Meaty Stuffed Onions
Total TimePrep: 40 min. Bake: 15 min.
- 4 large sweet onions
- 1 pound ground beef
- 1/2 pound Jones No Sugar Pork Sausage Roll sausage
- 1 package (10 ounces) frozen chopped spinach, thawed and drained
- 5 slices day-old bread, crumbled
- 1/2 to 2/3 cup beef broth
- 1/2 cup grated Parmesan cheese
- 1 egg, beaten
- 1 tablespoon minced fresh parsley
- 1/2 teaspoon salt
- 1/4 teaspoon pepper
- 1/8 teaspoon ground nutmeg
- Peel onions and cut 1/2 in. off tops and bottoms. Place onions in a large saucepan. Cover with boiling water. Cook until tender, about 20 minutes; drain.
- Cool slightly. Carefully remove inside layers of onion, separating into eight individual shells (refrigerate remaining onion for another use). Drain on paper towels.
- In a skillet, cook beef and sausage over medium heat until no longer pink; drain. Add spinach; cook and stir for 2 minutes. Remove from the heat; stir in the remaining ingredients. Spoon into the onion shells.
- Place in a greased 13-in. x 9-in. baking pan. Bake, uncovered, at 350° for 15-20 minutes or until heated through and lightly browned.

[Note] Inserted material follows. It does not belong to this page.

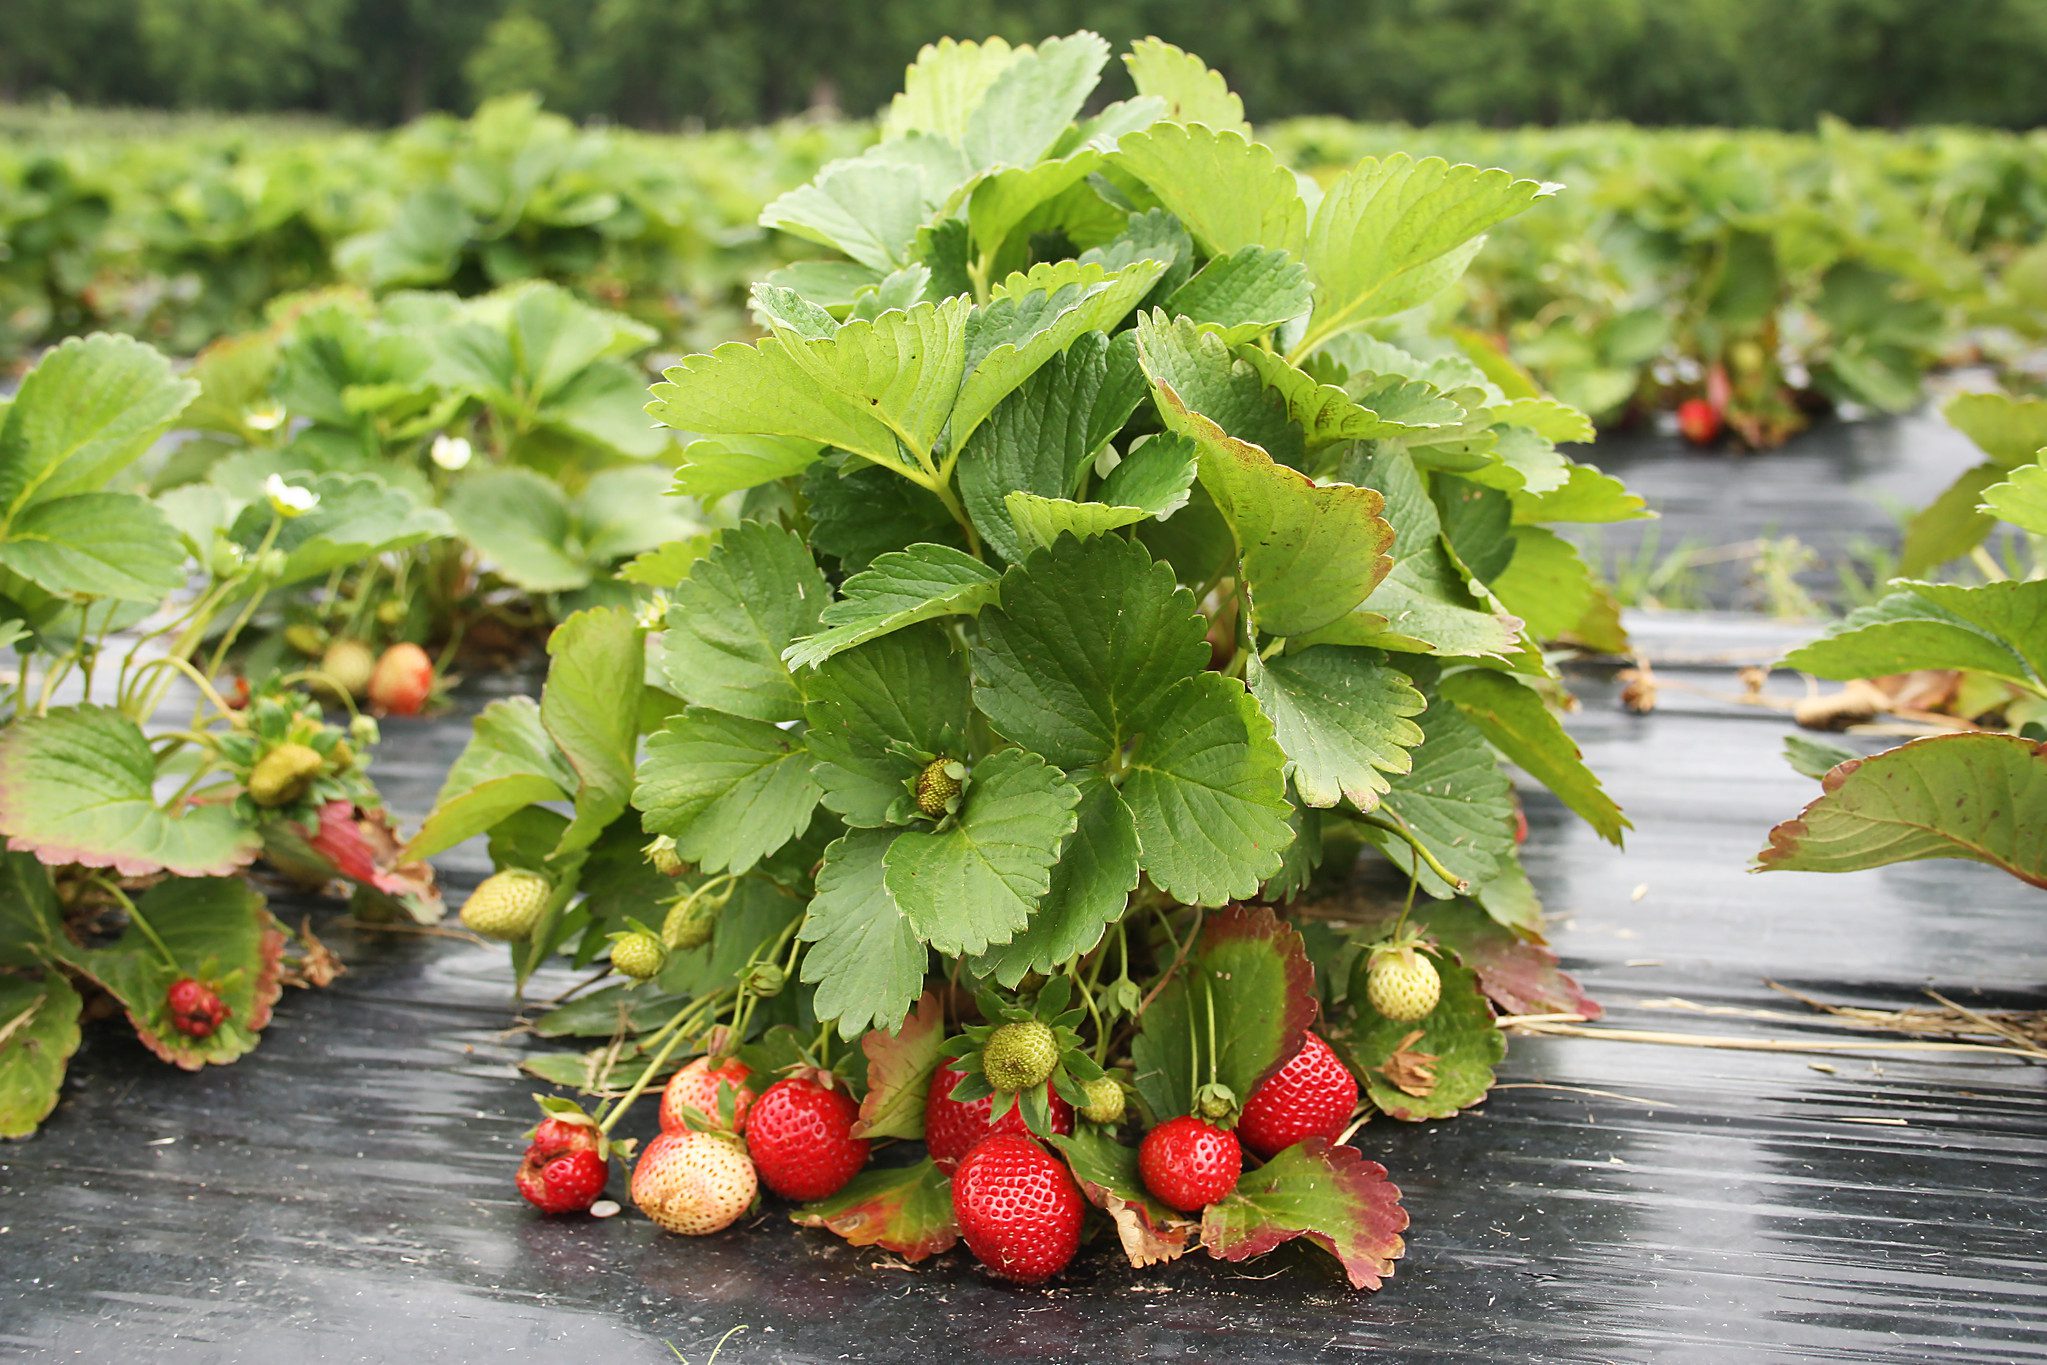 Strawberries growing in a field.

Nutrition Facts1 each: 258 calories, 13g fat (5g saturated fat), 69mg cholesterol, 566mg sodium, 16g carbohydrate (6g sugars, 3g fiber), 18g protein.
Nov 16, 2012
I thought the photograph was beautiful, so I wanted to try this myself. I was a little worried that mine wouldn't turn out as well as the picture. I don't know if I didn't wait long enough for the onions to cool, or if I didn't cut them good enough, but I had problems getting the pieces of onion apart, and quite a few tore. However, I did get some apart and was able to stuff some. I tought the filling was delicious! I'm not sure if I would make this again necessarily as is--I may make the meat filling and use it in a different way because it's so good. Cooking the beef and sausage together helps the beef taste like sausage, which I liked. If I do try this recipes again and stuff onions, I think I will use different onions--I'm not too big of a fan of sweet onions.